Worries over mystery virus chill Seattle's ties with Asian cities


The Oregonian

Seattle health officials are scrambling to diagnose the worried people filling hospital emergency rooms as local business travelers rethink Asian itineraries and a junior-high school band cancels its dream trip to China.

Four suspected cases of a mystery virus are rattling Puget Sound, where the daily tide of commerce is rife with people and goods from Asian cities in which the potentially deadly respiratory disease is most prevalent.

It's way too soon to assess what physical, psychological or financial toll that severe acute respiratory syndrome, or SARS, will have on the region. But with four suspected cases identified in the Seattle area since Friday, fear of the pneumonialike disease is spreading fast.

The two latest cases involve two brothers -- ages 3 and 5 -- who recently returned from the China's Guangdong province. The two boys' cases were not considered life-threatening, nor were two earlier cases concerning a 2-year-old boy and a 44-year-old container-ship worker.

Although Seattle's response to SARS escalates, it remains mild compared to the reaction further north in Vancouver, B.C., where 18 suspected cases have prompted some residents to wear surgical masks around the city. Canadian health officials said Wednesday they hope to open a SARS-only clinic so the "worried well" stop clogging emergency rooms.

In Hong Kong, where SARS fears are perhaps highest, more than 200 suspected cases were quarantined in isolation camps. As of last count, more than 2,200 people, mostly Asians, had been infected worldwide. At least 78 people have died -- none in the United States.

SARS fears are driven in part because it has such generic symptoms -- a fever over 100.4, respiratory troubles and recent Asian travels. Another fear factor is the fact health officials still don't know what it is, how to confirm its existence or how to cure it.

Puget Sound is as linked to Asia as perhaps any region in the country. Washington state is the nation's fifth biggest exporter -- Oregon ranks about 25th -- with Japan, China and Singapore being its three largest trade partners.

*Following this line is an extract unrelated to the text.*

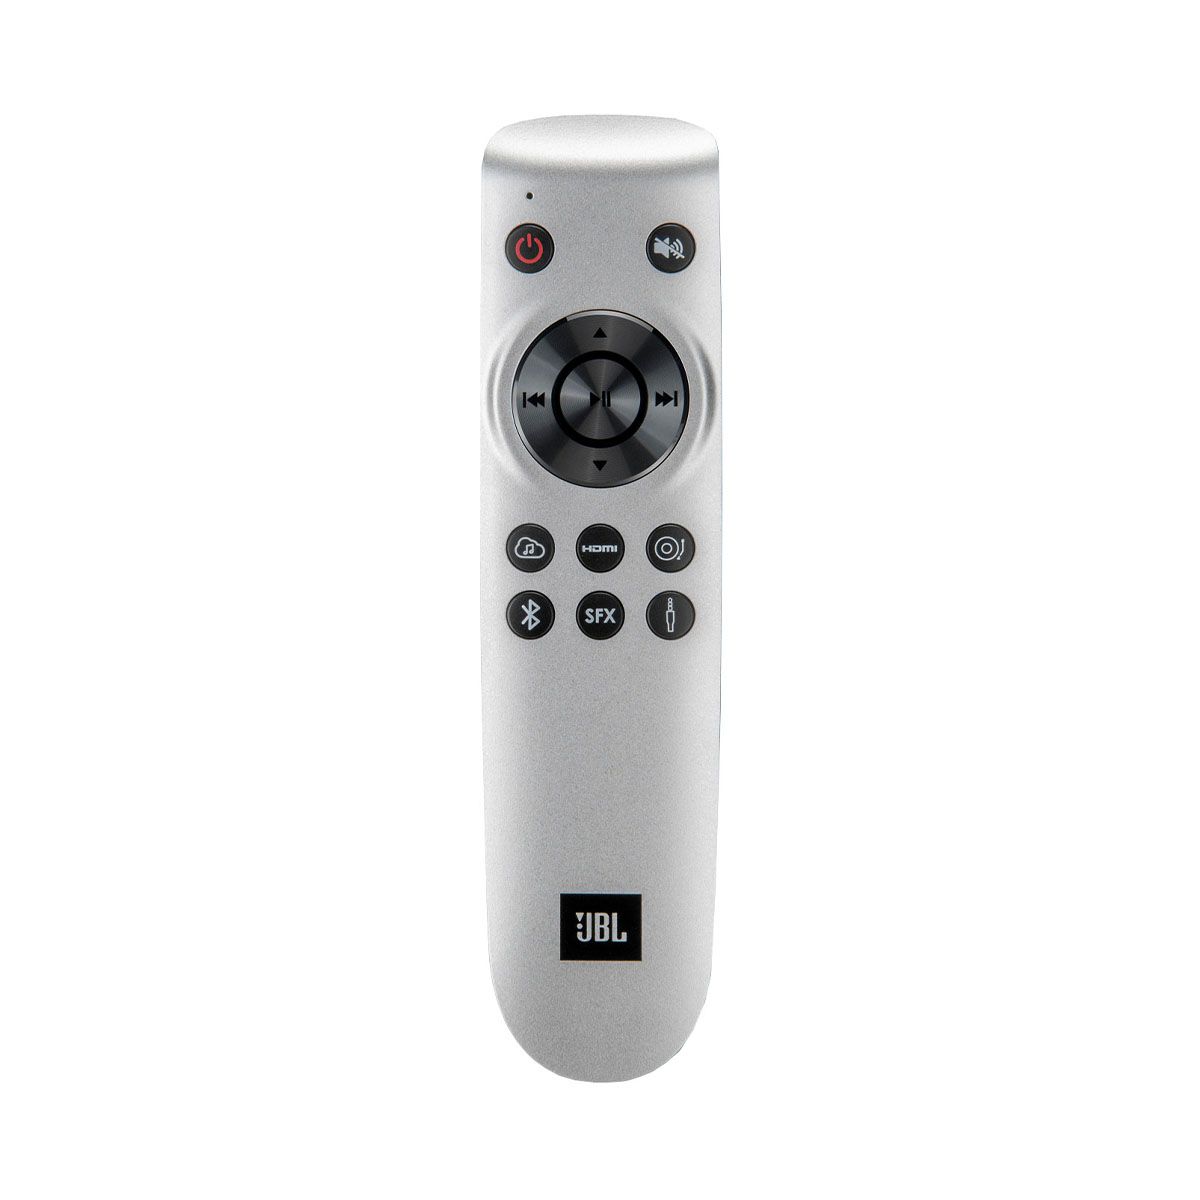 JBL L75ms Music System - Walnut remote control

Asia is a routine destination for Puget Sound business travelers and vice versa for Asian travelers who frequent Seattle-Tacoma International Airport on 25 flights a week from Tokyo, Taipei and Seoul. The flights routinely carry passengers from SARS-effected cities, so all incoming passengers are screened by health officials before they are allowed off the jets.

Washington state trade officials say SARS hasn't lightened the weekly ebb and flow of Asian container ships in Puget Sound, but travel agencies say the impact of the disease is obvious.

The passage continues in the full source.